Classe 41: Formation en matière de logiciels.
Classe 42: Développement de matériel informatique et de logiciels.
La demanderesse a invoqué l’article 59, paragraphe 1, point a), du RMUE, lu conjointement avec l’article 7, paragraphe 1, point b), points c) et d), du RMUE.
RÉSUMÉ DES ARGUMENTS DES PARTIES
L’affaire pour le demandeur
La demanderesse affirme que «D4» est composé de «D», qui est l’abréviation de «data» et le chiffre 4, qui est une abréviation sonique de «phor». «Dataphor» est un terme utilisé pour décrire un système de gestion de bases de données de source ouverte. La langue D4 a été désignée après la sonorité similaire «Dataphor», le système qui utilise cette langue. D4 est un terme technique courant utilisé dans le langage informatique pour désigner la programmation pour le système de gestion «Dataphor». En outre, étant donné que les produits et services en cause s’adressent à un public spécialisé, la signification du terme
Décision sur la demande d’annulation no C 53 119 Page sur 2 9
«D4» sera évidente pour le public pertinent qui le percevra comme un langage de programmation. La demanderesse produit divers documents afin de démontrer que «D4» avait une signification à la date de dépôt. Ils peuvent être résumés comme suit:
Annexe STT1: un extrait de Wikipédia expliquant que «Dataphor» est un système de gestion de bases de données de source ouverte et relationnel. «D4 est la langue privilégiée pour l’utilisation dans Dataphor».
Annexe STT2: Selon la page web http://codelani.com/languagues/d4-program minglanguague.html: D4 est un langage de programmation créé en 2001.

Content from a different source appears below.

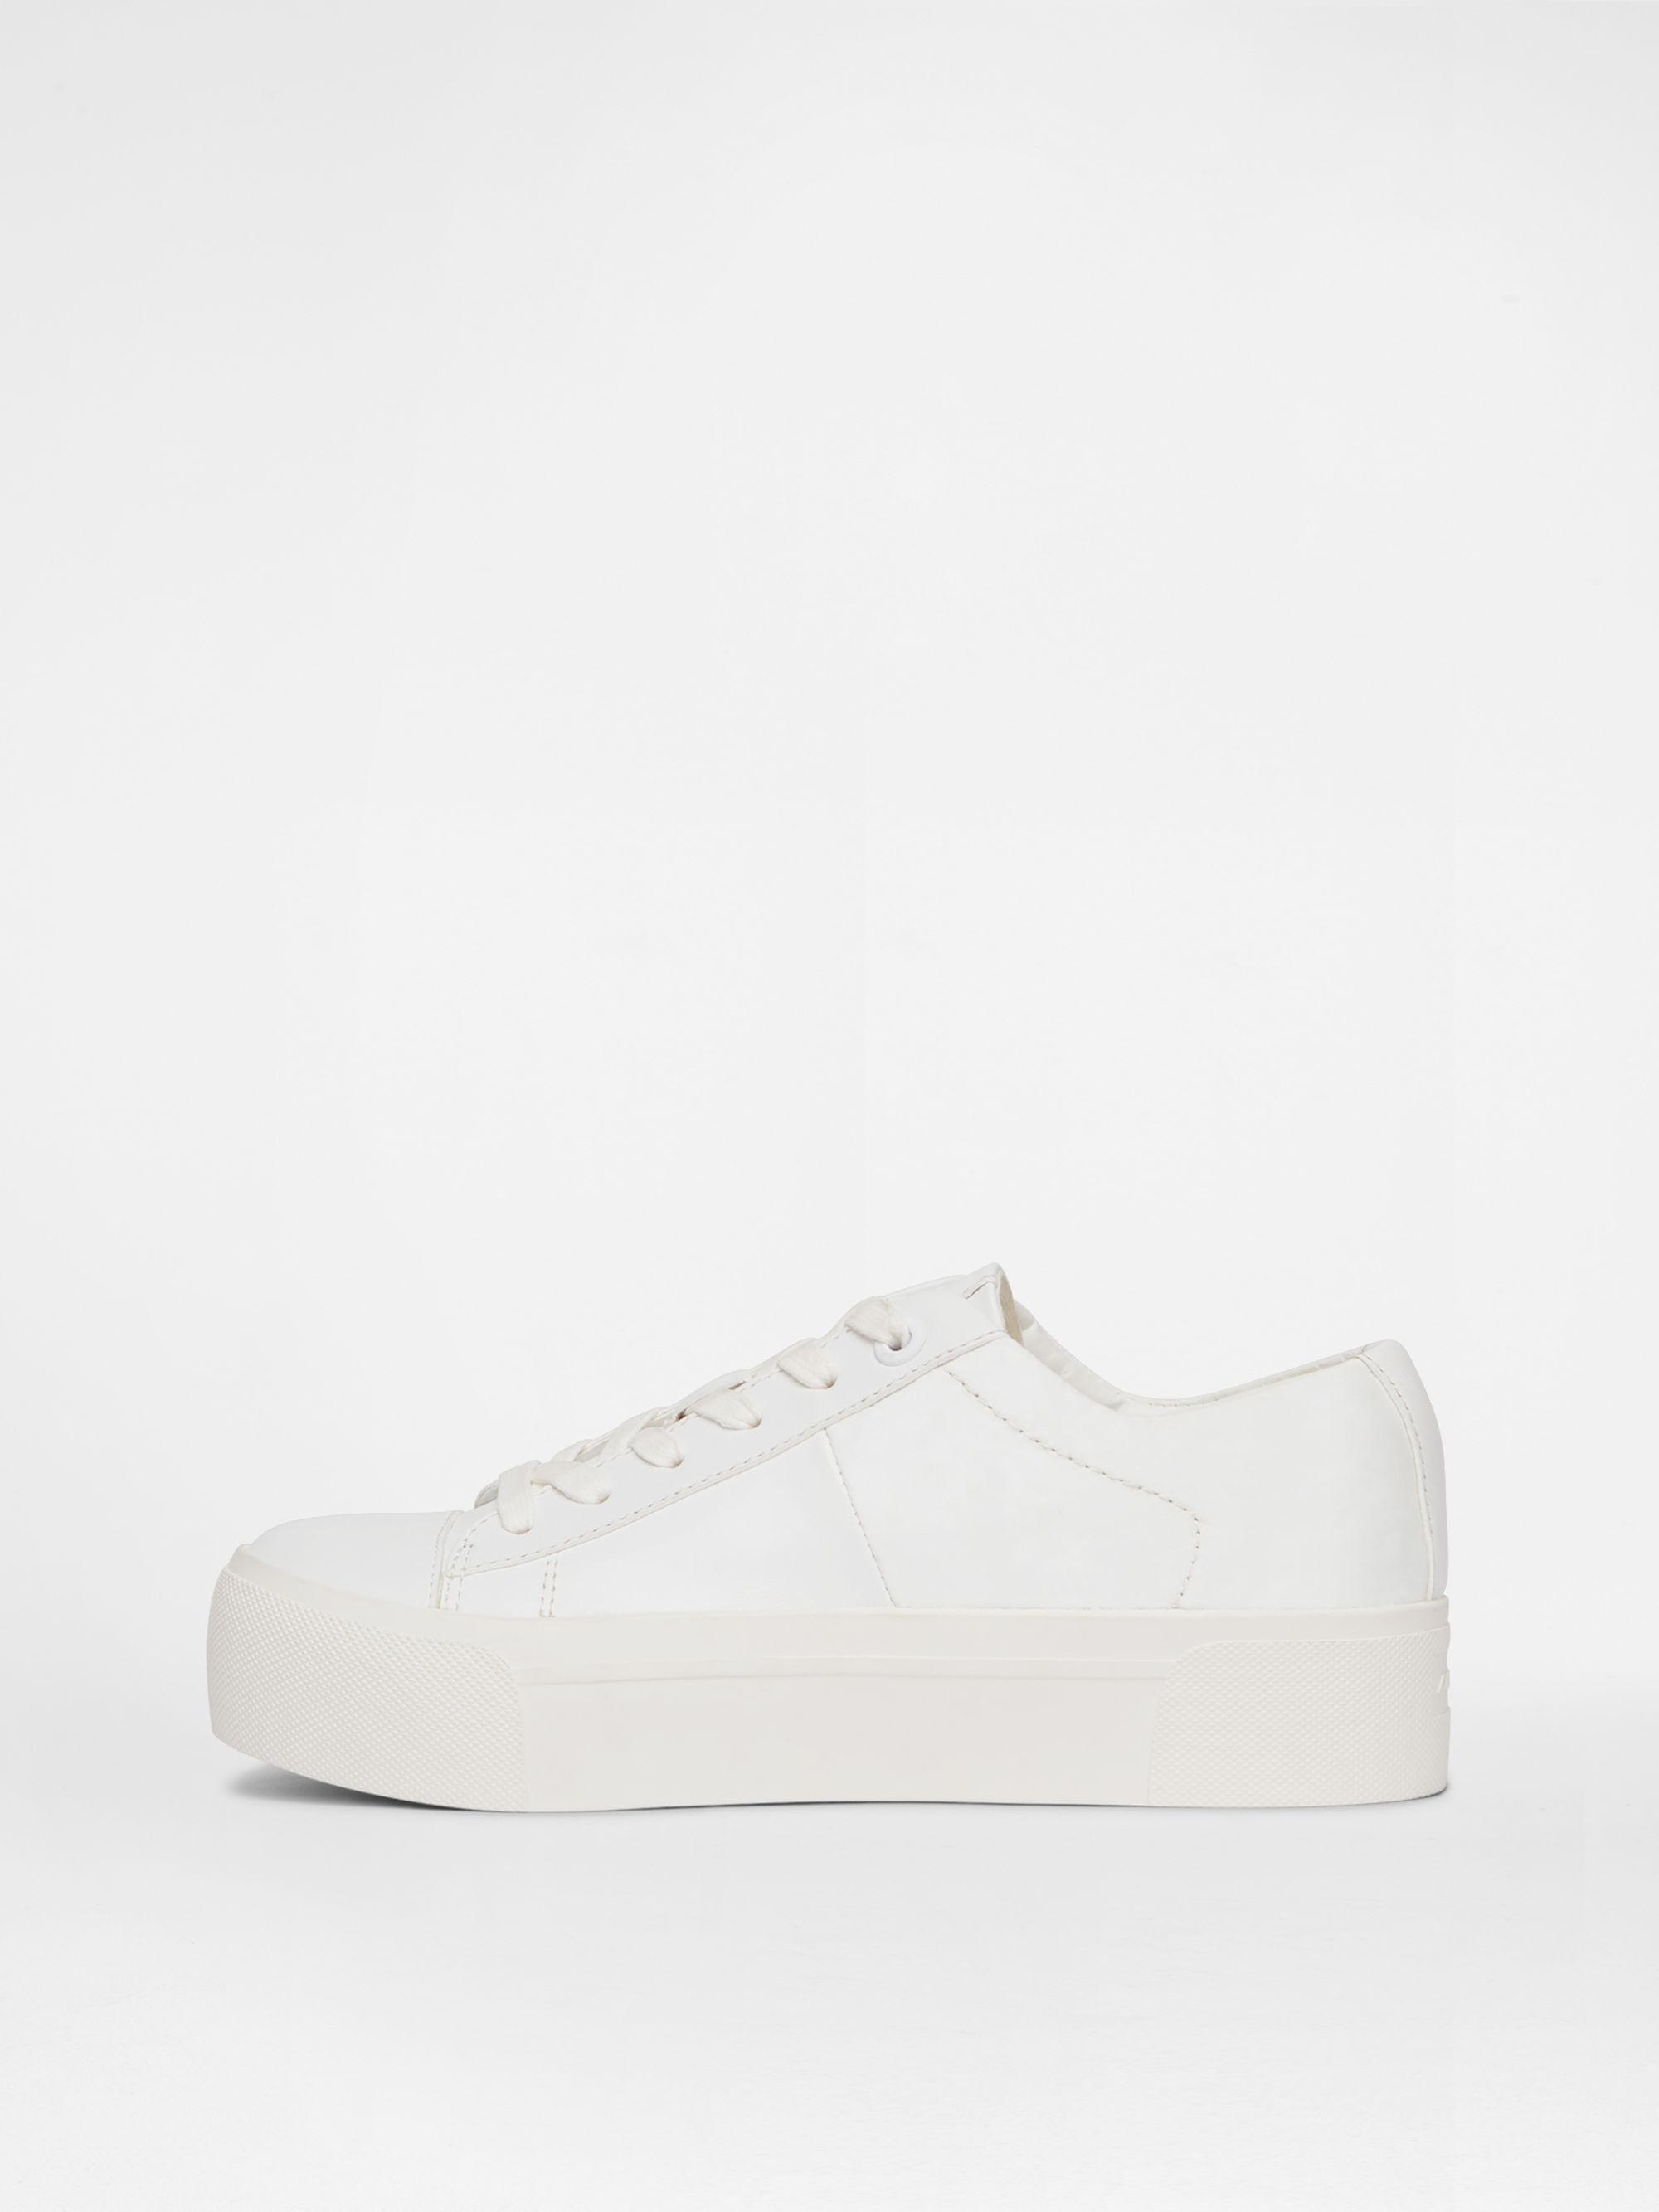 7b32a5d0484 Lyst - DKNY Bari Platform Sneaker in White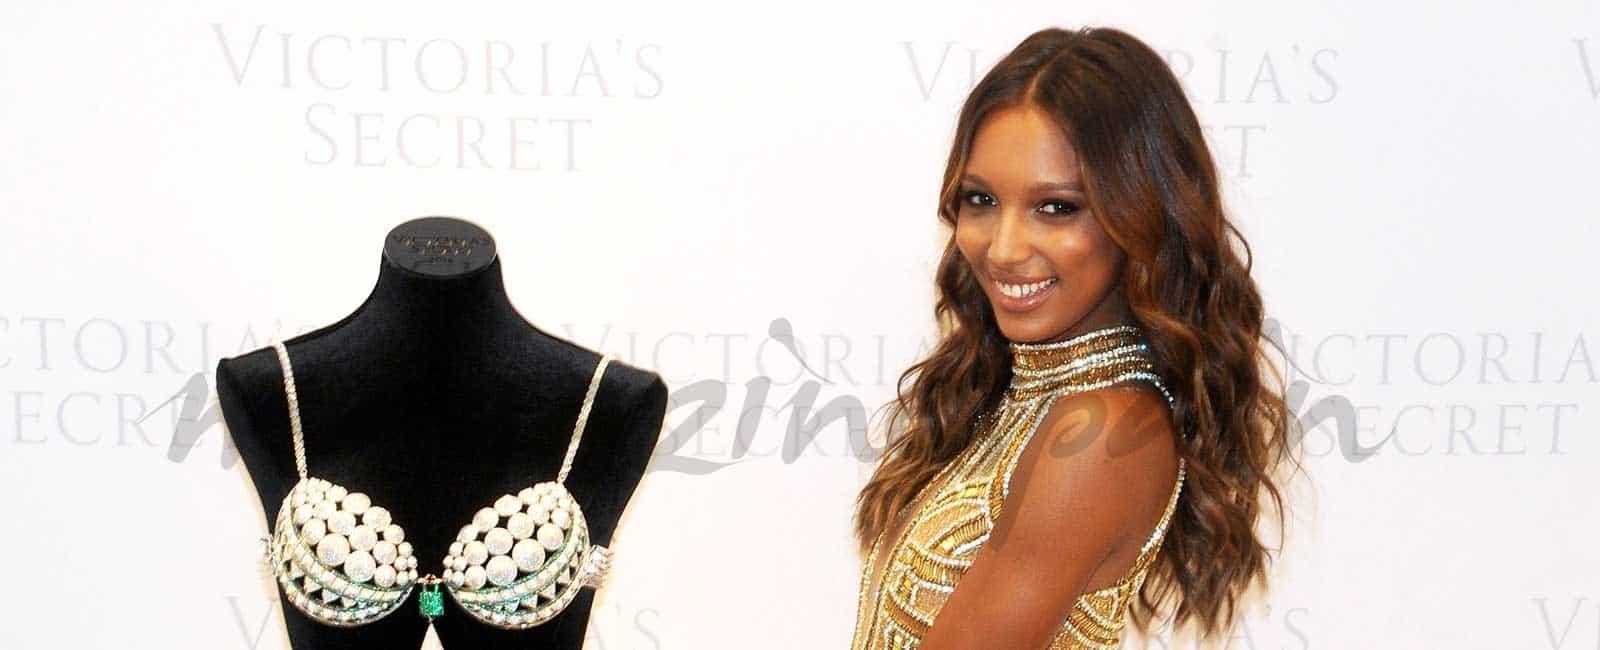 Jasmine Tookes presenta el sujetador joya de Victoria's Secret

Annexe STT3: Selon la page web https://en-academic.com/dic.nsf/enwiki/1 405459 au début de l’année 2008, le nom Alphora et le produit Dataphor ont été acquis par Database Consulting Group LLC, créés par les développeurs initiaux de Dataphor, et ont fait l’objet d’une nouvelle licence en tant que source ouverte. Comme la plupart des langues de recherche, le D4 possède une langue de définition des données (DDL) et une langue de saisie des données (DML). D4 a également une langue obligatoire pour le code de procédure. Grâce au modèle de source ouverte, le logiciel pourrait être davantage développé et programmé individuellement dans le monde entier.
Annexe STT4 ET 4-1: Selon la page web https://www.morebooks.de/store/de/book/d4- programming-language/isbn/978-613-3- «15346-2, la bibliothèque numérique More- Books! propose le livre intitulé «D4 (langage de programmation)» édité par Lambert et. al, qui a été publié le 28/09/2010.
Bien que le livre ait été publié deux ans après la demande d’enregistrement de la marque de l’Union européenne contestée, la demanderesse affirme que des spécialistes connaissaient le langage de programmation D4 depuis 2001.
Outre son caractère descriptif, la demanderesse fait également valoir, en termes généraux, que «D4» est générique et dépourvu de caractère distinctif.
L’affaire concernant la titulaire de la marque de l’Union européenne
La titulaire affirme que le D4 est un langage de programmation, comme cela est également décrit dans les annexes déposées par la demanderesse. D4 est un langage de recherche, ce qui signifie qu’il s’agit d’un langage de programmation informatique qui demande et extrait des données provenant de bases de données et de systèmes d’information en envoyant des requêtes ( voir annexe 1). Comme la plupart des langues de recherche, le D4 possède une langue de définition des données (DDL) et une langue de saisie des données (DML). D4 a également une langue Imperative pour le code de procédure.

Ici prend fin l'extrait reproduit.